She wrote to Mr. Barradine, simply asking him to exert this influence on behalf of her husband; and the reply—the letter that she tore up—was in these words: "I will do what I can; but why don't you come and ask me yourself?" Of course she knew what that meant.

It was at the railway station, when bidding Dale good-by, that she made up her mind to save him at all costs. When he refused to act on Ridgett's advice, when he showed himself so firm, so unyielding, she knew that he was a man going to his doom, unless she could avert the doom.

"And, Will—believe it or not—no woman ever loved a husband truer than I loved you at that moment. To see you there so brave and strong and good—and yet certain sure to ruin yourself! Well, I couldn't bear it. And if it was to do again, I'd do it."

Slowly he withdrew his hands from her throat, and clasped them together with all his strength. Turning for a moment, he glanced at the open window. The space seemed to have contracted and darkened, so that it looked black and small as a square grave cut out for a child. But if not by the window, what other end to it all would he find? He could not go on like this—with a to-morrow and a day after, and weeks and months to follow.

He turned, and in speaking to her, unconsciously used her name.

"Could you think, Mavis, I cared for my job better'n my honor?"

"I thought you'd never know. And I loved you, Will—only you—no one else."
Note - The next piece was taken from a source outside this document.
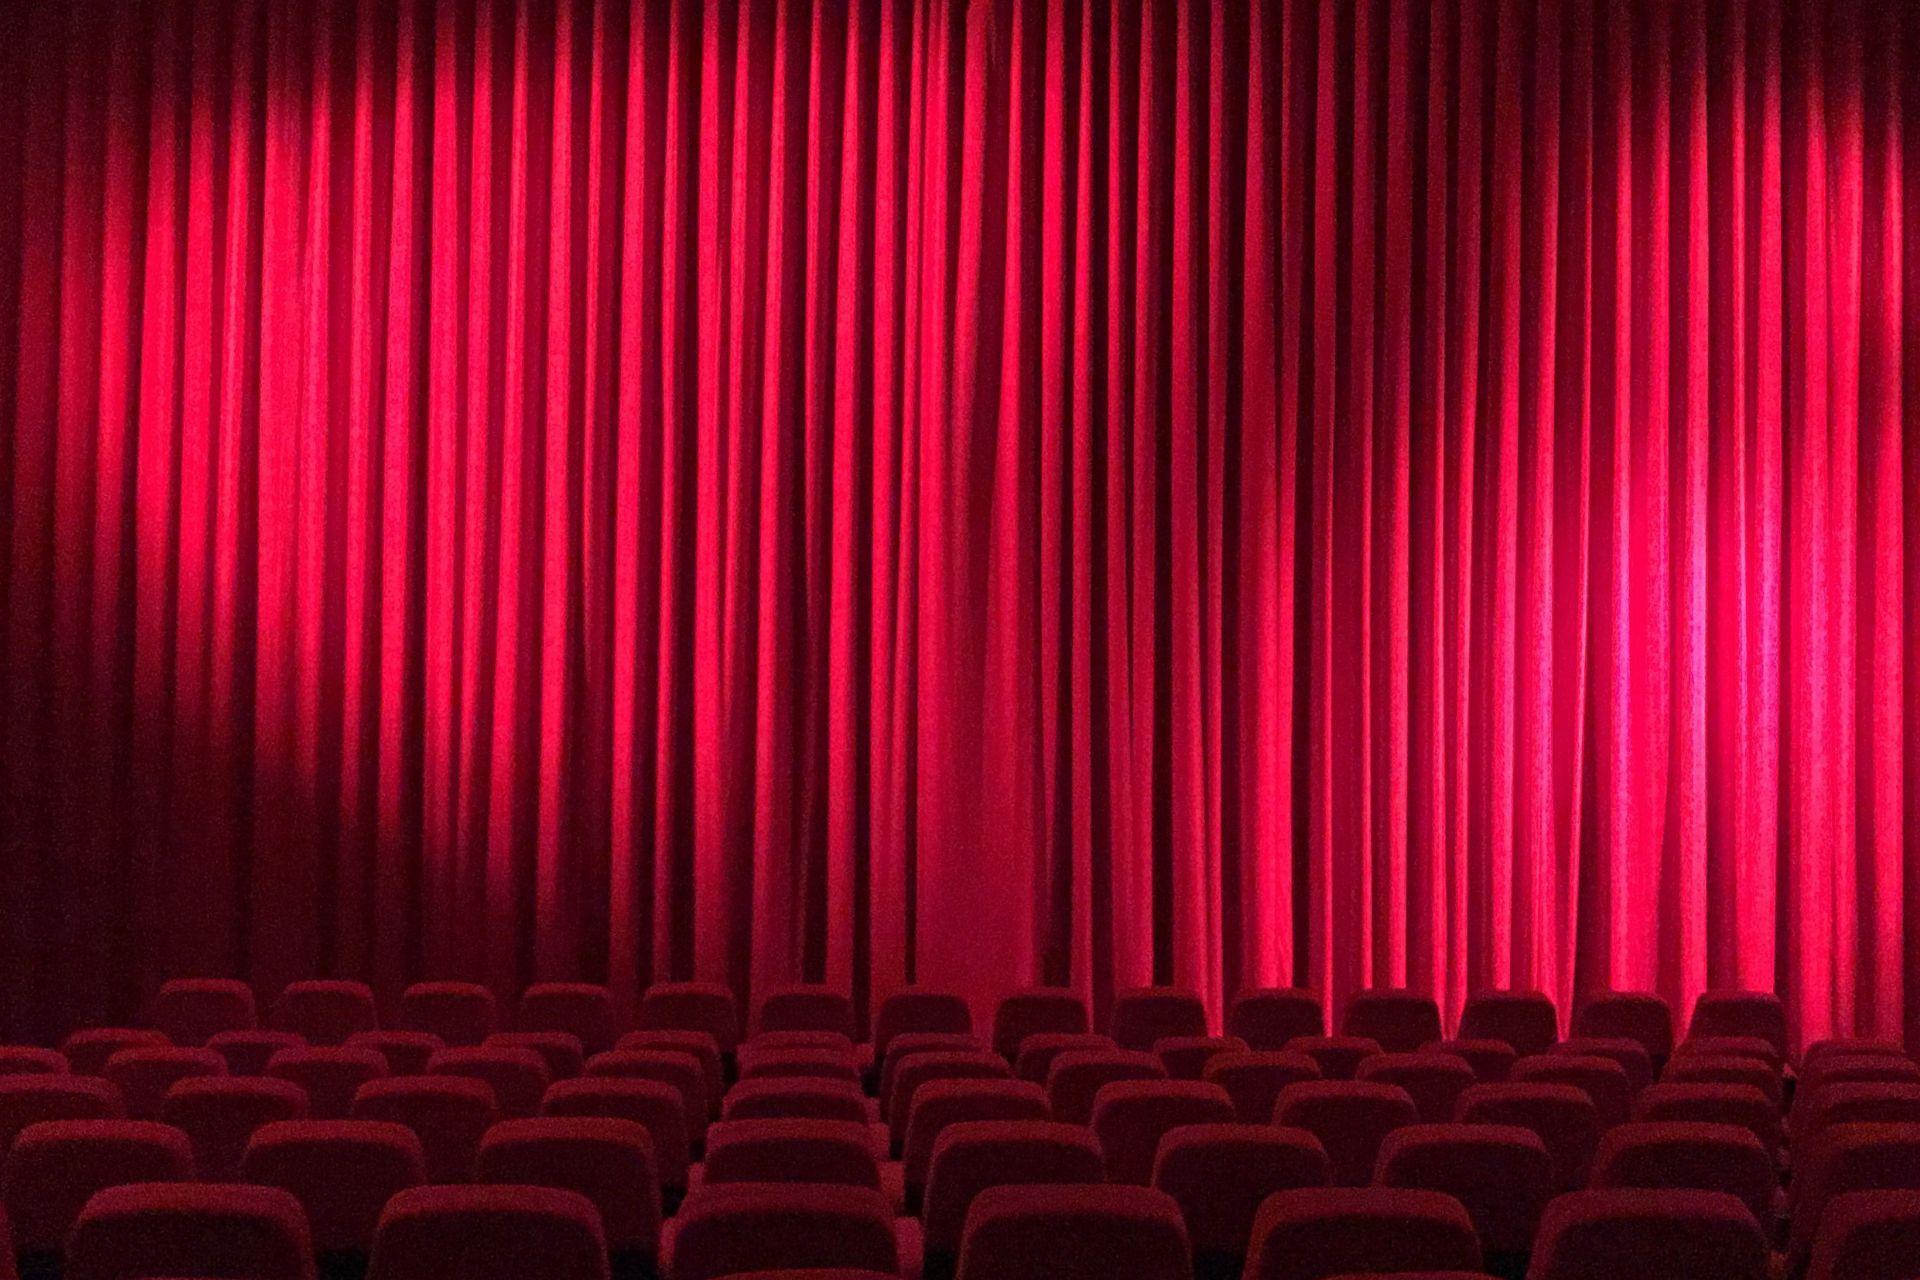 Theaterzaal met rode gordijnen dicht

He scarcely seemed to listen to the answer. He turned from her again; and went on talking, as if to himself or the far-off stars, or the invisible powers that mold men's destinies.
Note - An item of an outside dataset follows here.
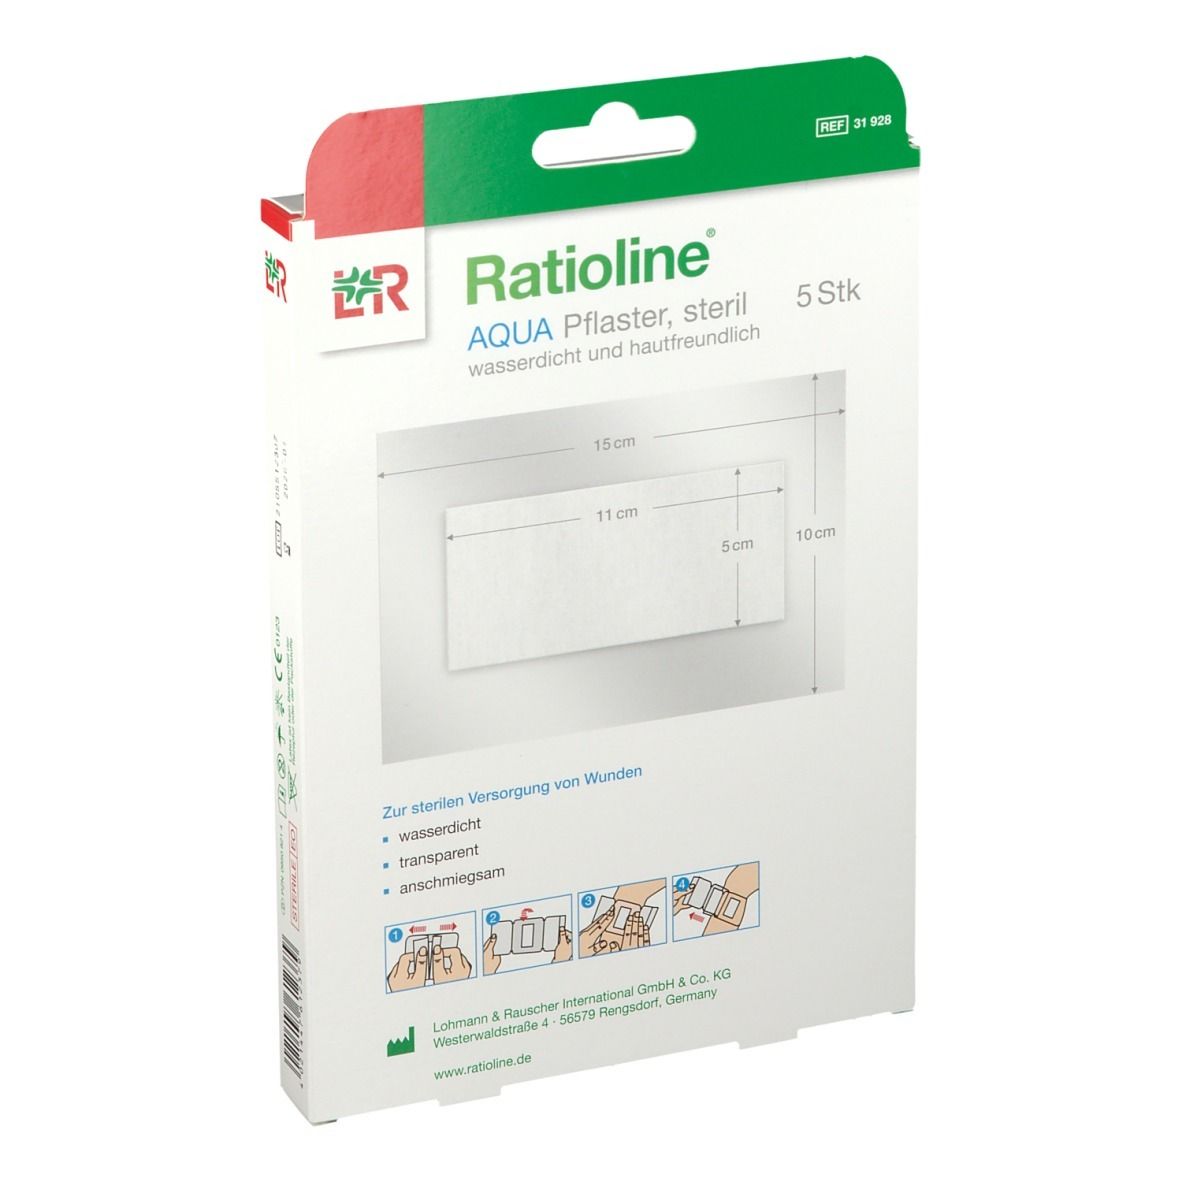 Ratioline® aqua Duschpflaster Plus 10 x 15 cm

"'Aardn't I my fingers and brains—to work for you? Would I care—so's you could be what I thought you were—whether I broke my back or burst my heart in working for you? Besides, t'wouldn't 'a' bin that. What was it but the loss of the office—a step back that I'd soon 'a' recovered."

He groaned; then suddenly he unclasped his hands and brandished them. The rhythmic beat of his rage came strong and high, and with savage energy he seized her again.

"It's half lies still. The money? How does that match? He gave it to you. Deny it if you dare."

"Yes, I tried not to take it. He forced it on me."

"Lies! It was the bit for yourself when you drove your bargain—nothing to do with me—you—you. The price of your two or three nights of love."

"No, I swear. He forced the money as a present. The price he paid was his help to you. As God hears me, that's the truth."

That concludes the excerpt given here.